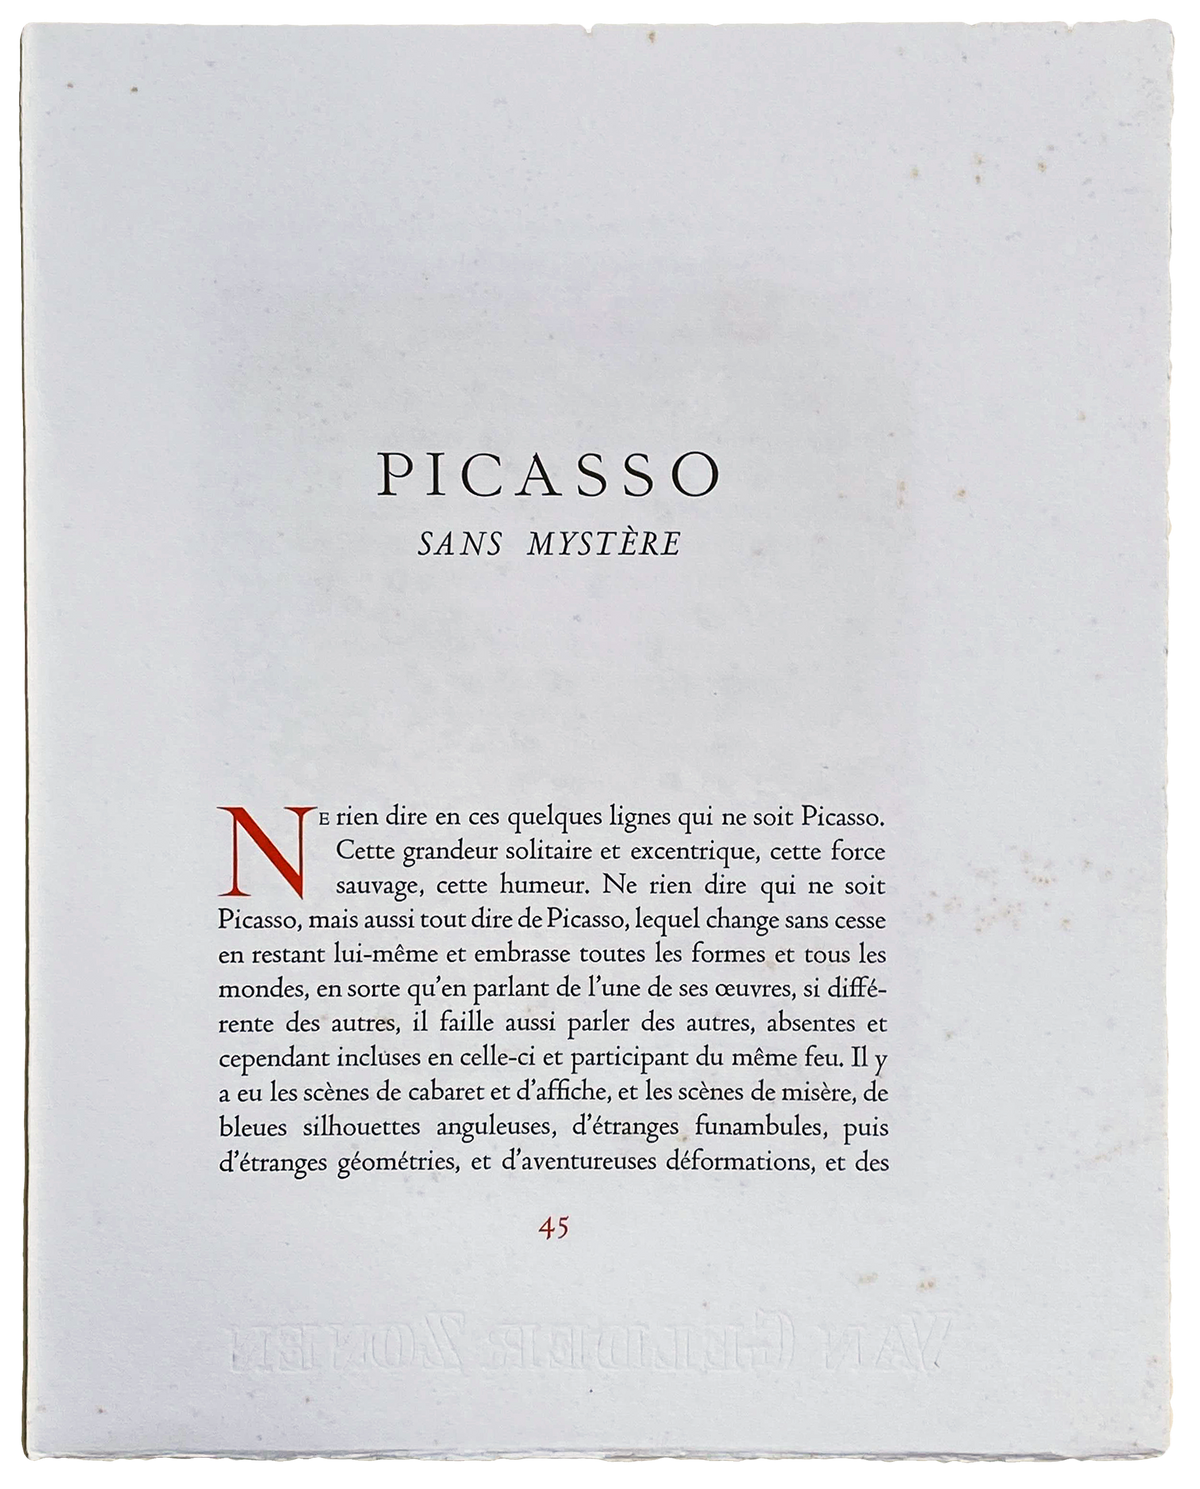 Pablo Picasso - &quot;La Casserole eMaille&quot; - Signed 1950 Robert Rey Print - 18.3 x 14.3&quot;
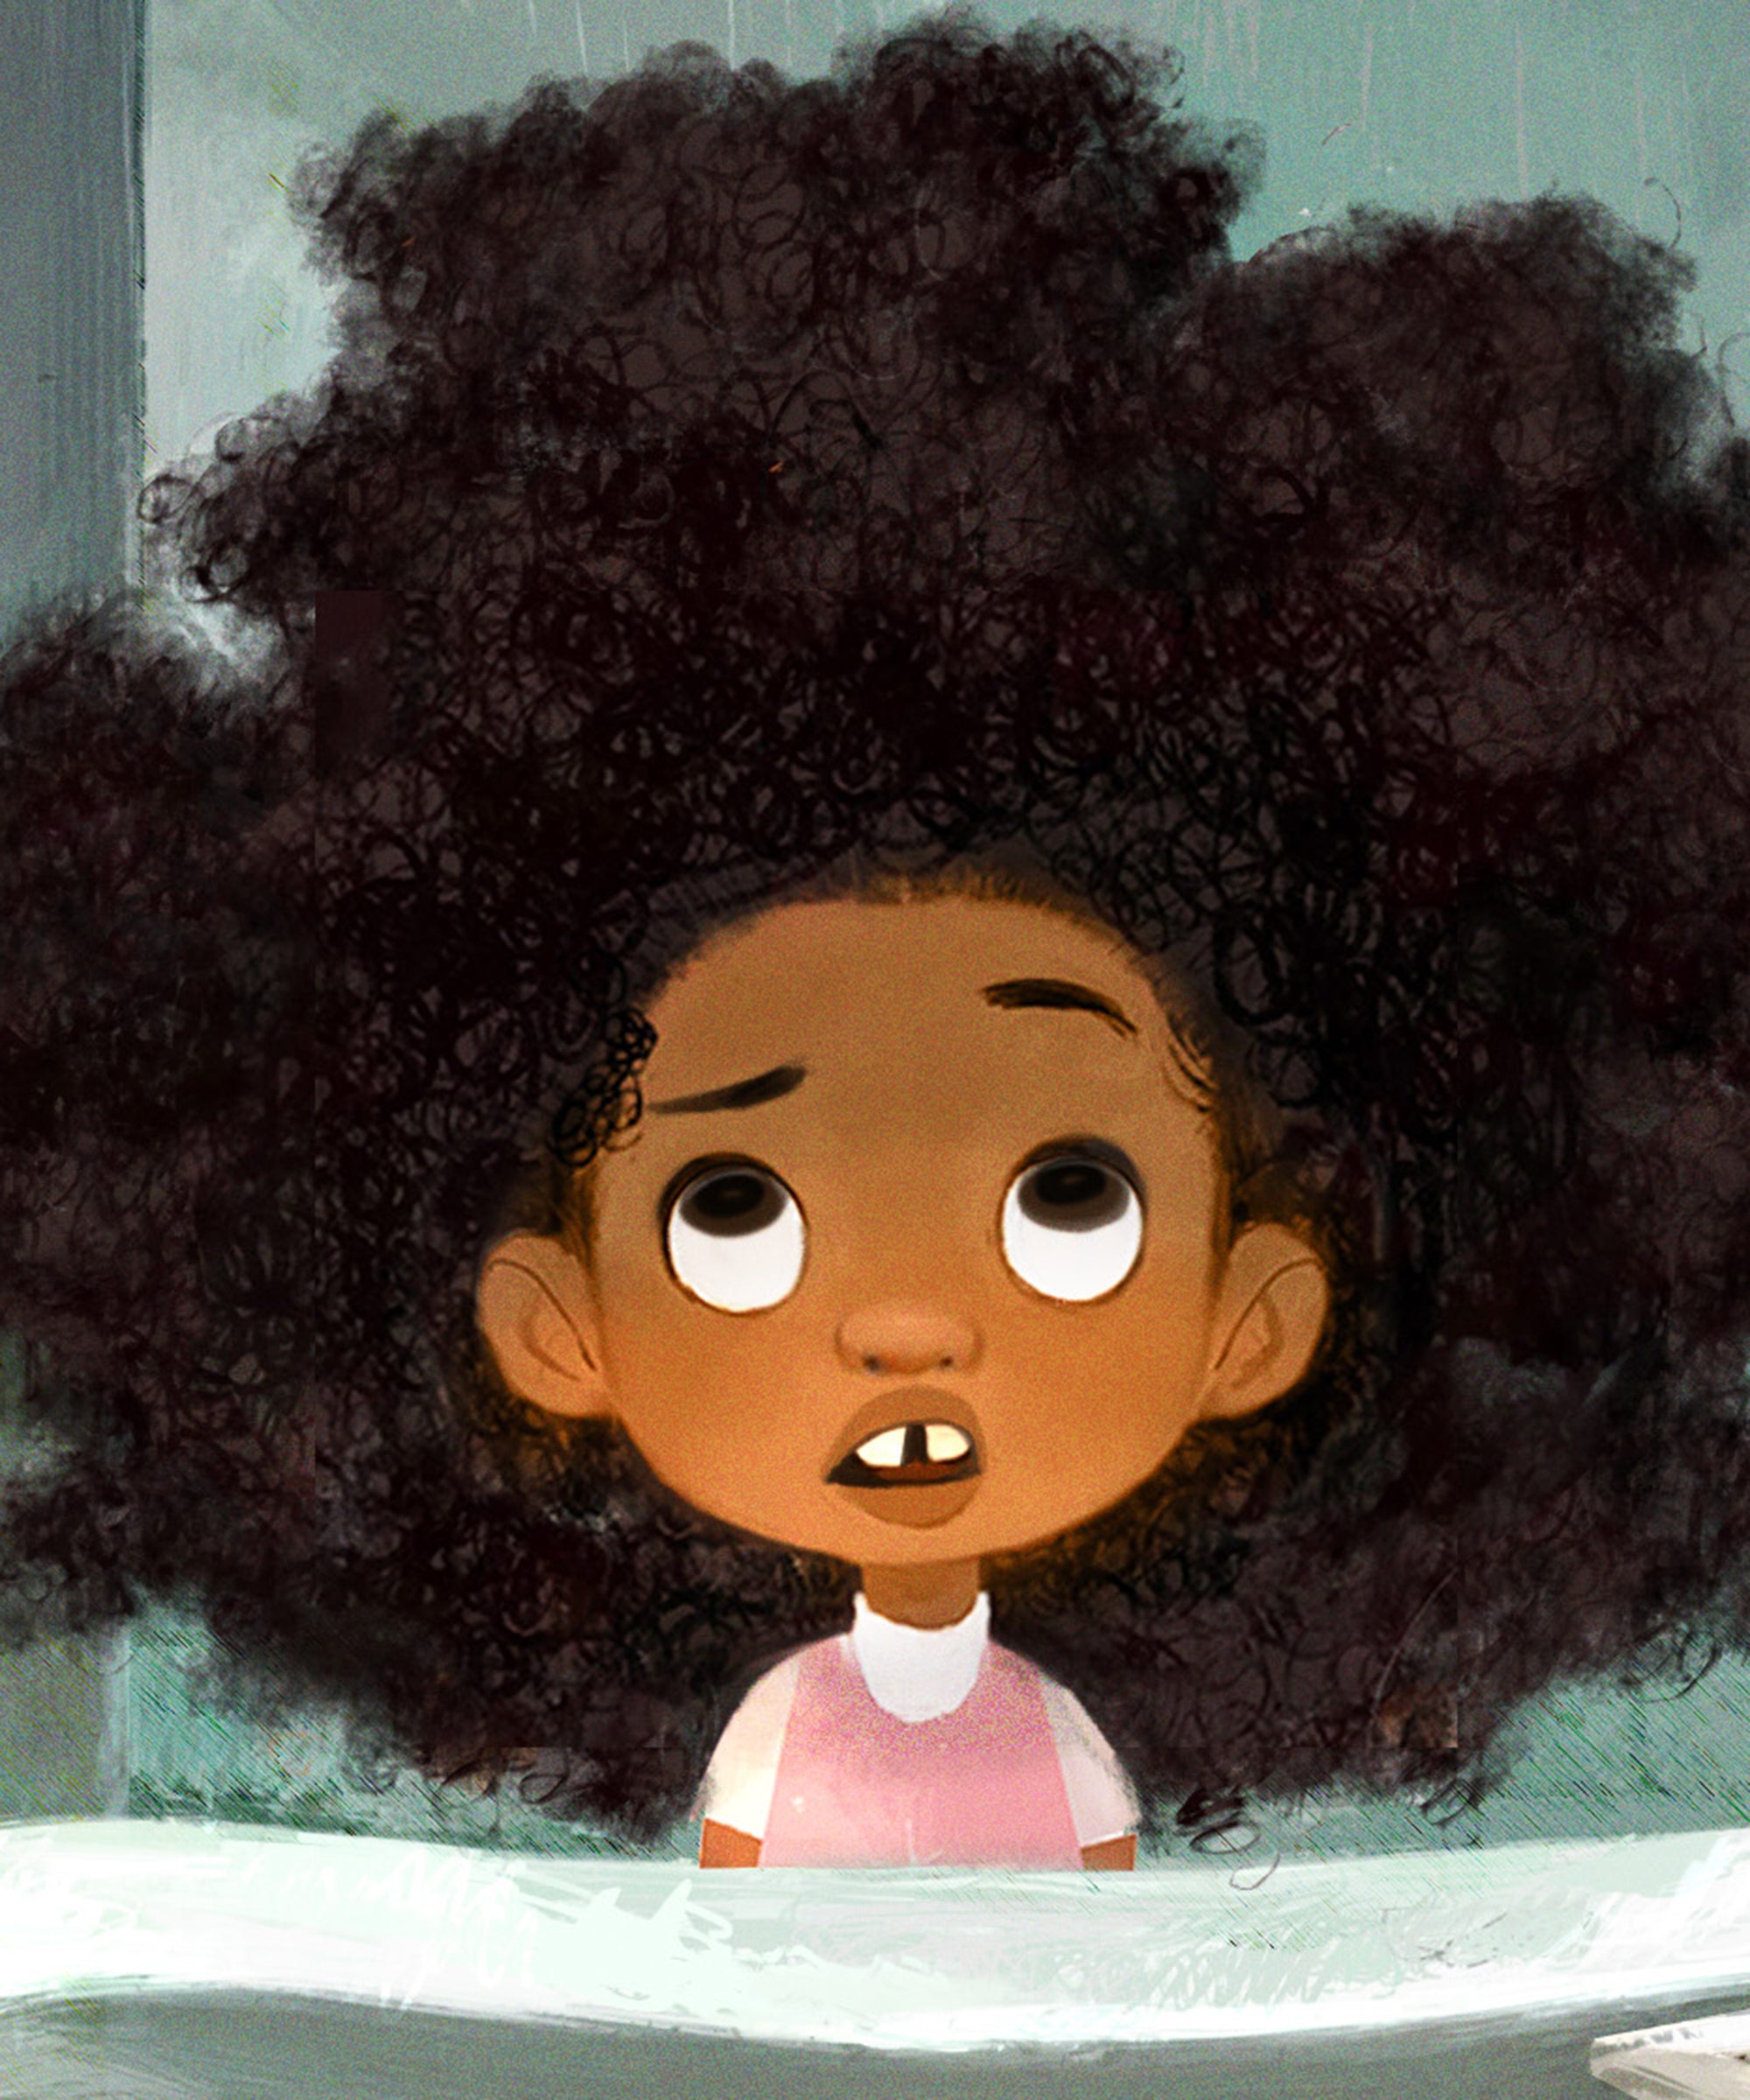 Hair Love Wins The Oscar For Animated Short Film 2020
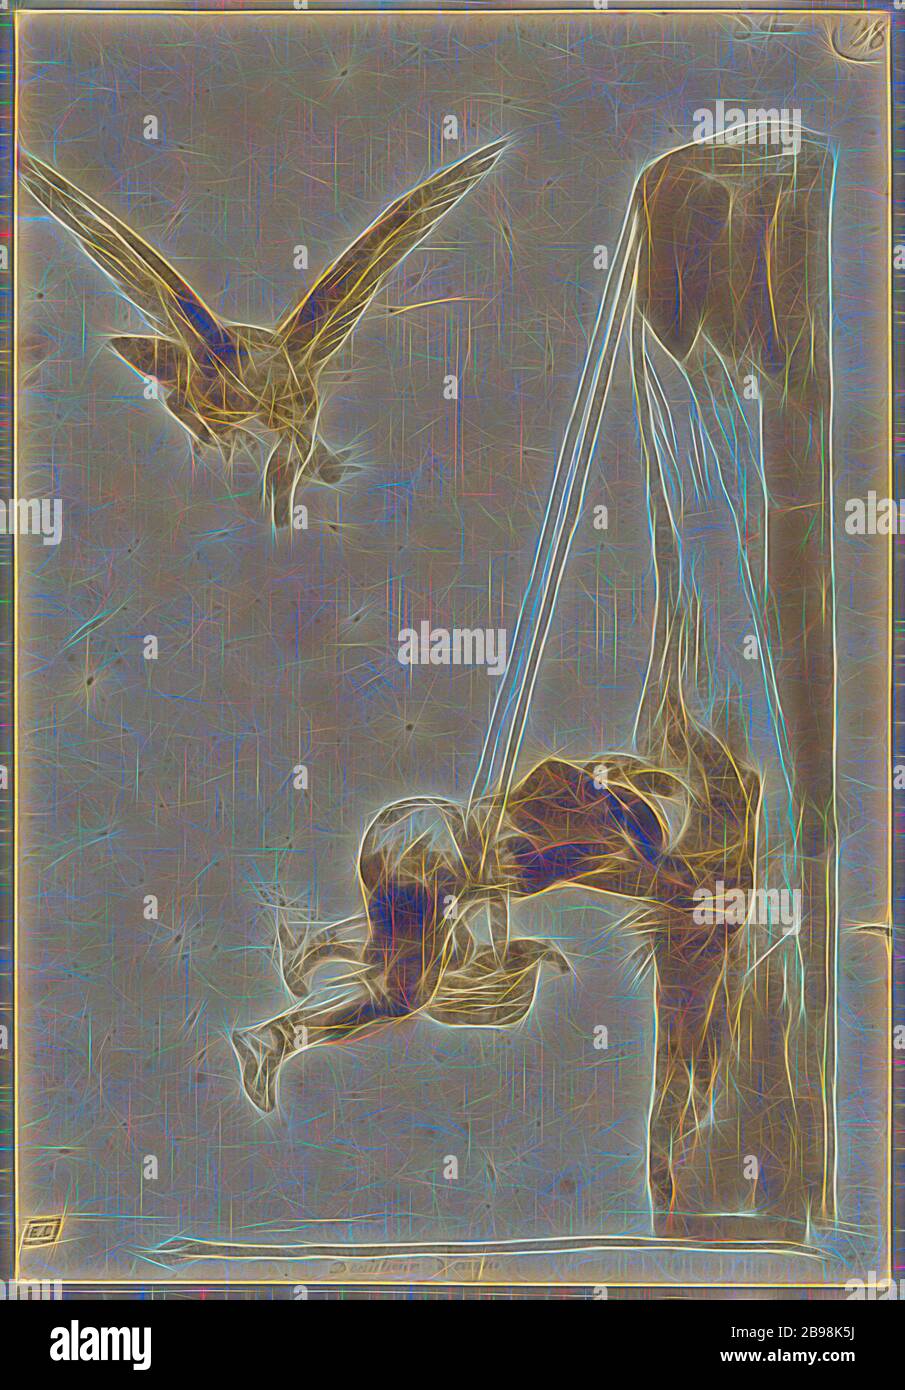 Il Cacciatore dell'aquila, Francisco José de Goya y Lucientes (Francisco de Goya) (spagnolo, 1746 - 1828), Spagna, circa 1812–1820, pennello e inchiostro marrone con lavaggio marrone, 20 × 14 cm (7 7/8 × 5 1/2 in.), Reimagined by Gibon, disegno di caldo allegro incandescente di luminosità e di luce raggi radianti. Arte classica reinventata con un tocco moderno. La fotografia ispirata al futurismo, abbracciando l'energia dinamica della tecnologia moderna, del movimento, della velocità e rivoluzionando la cultura. Foto Stock

Goal of the exercise: Reproduce, word for word, everything in the listing above except the pictures.

Reply to the exercise:
 Pablo Picasso - &quot;La Casserole eMaille&quot; - Signed 1950 Robert Rey Print - 18.3 x 14.3&quot;
 Hair Love Wins The Oscar For Animated Short Film 2020
 Il Cacciatore dell'aquila, Francisco José de Goya y Lucientes (Francisco de Goya) (spagnolo, 1746 - 1828), Spagna, circa 1812–1820, pennello e inchiostro marrone con lavaggio marrone, 20 × 14 cm (7 7/8 × 5 1/2 in.), Reimagined by Gibon, disegno di caldo allegro incandescente di luminosità e di luce raggi radianti. Arte classica reinventata con un tocco moderno. La fotografia ispirata al futurismo, abbracciando l'energia dinamica della tecnologia moderna, del movimento, della velocità e rivoluzionando la cultura. Foto Stock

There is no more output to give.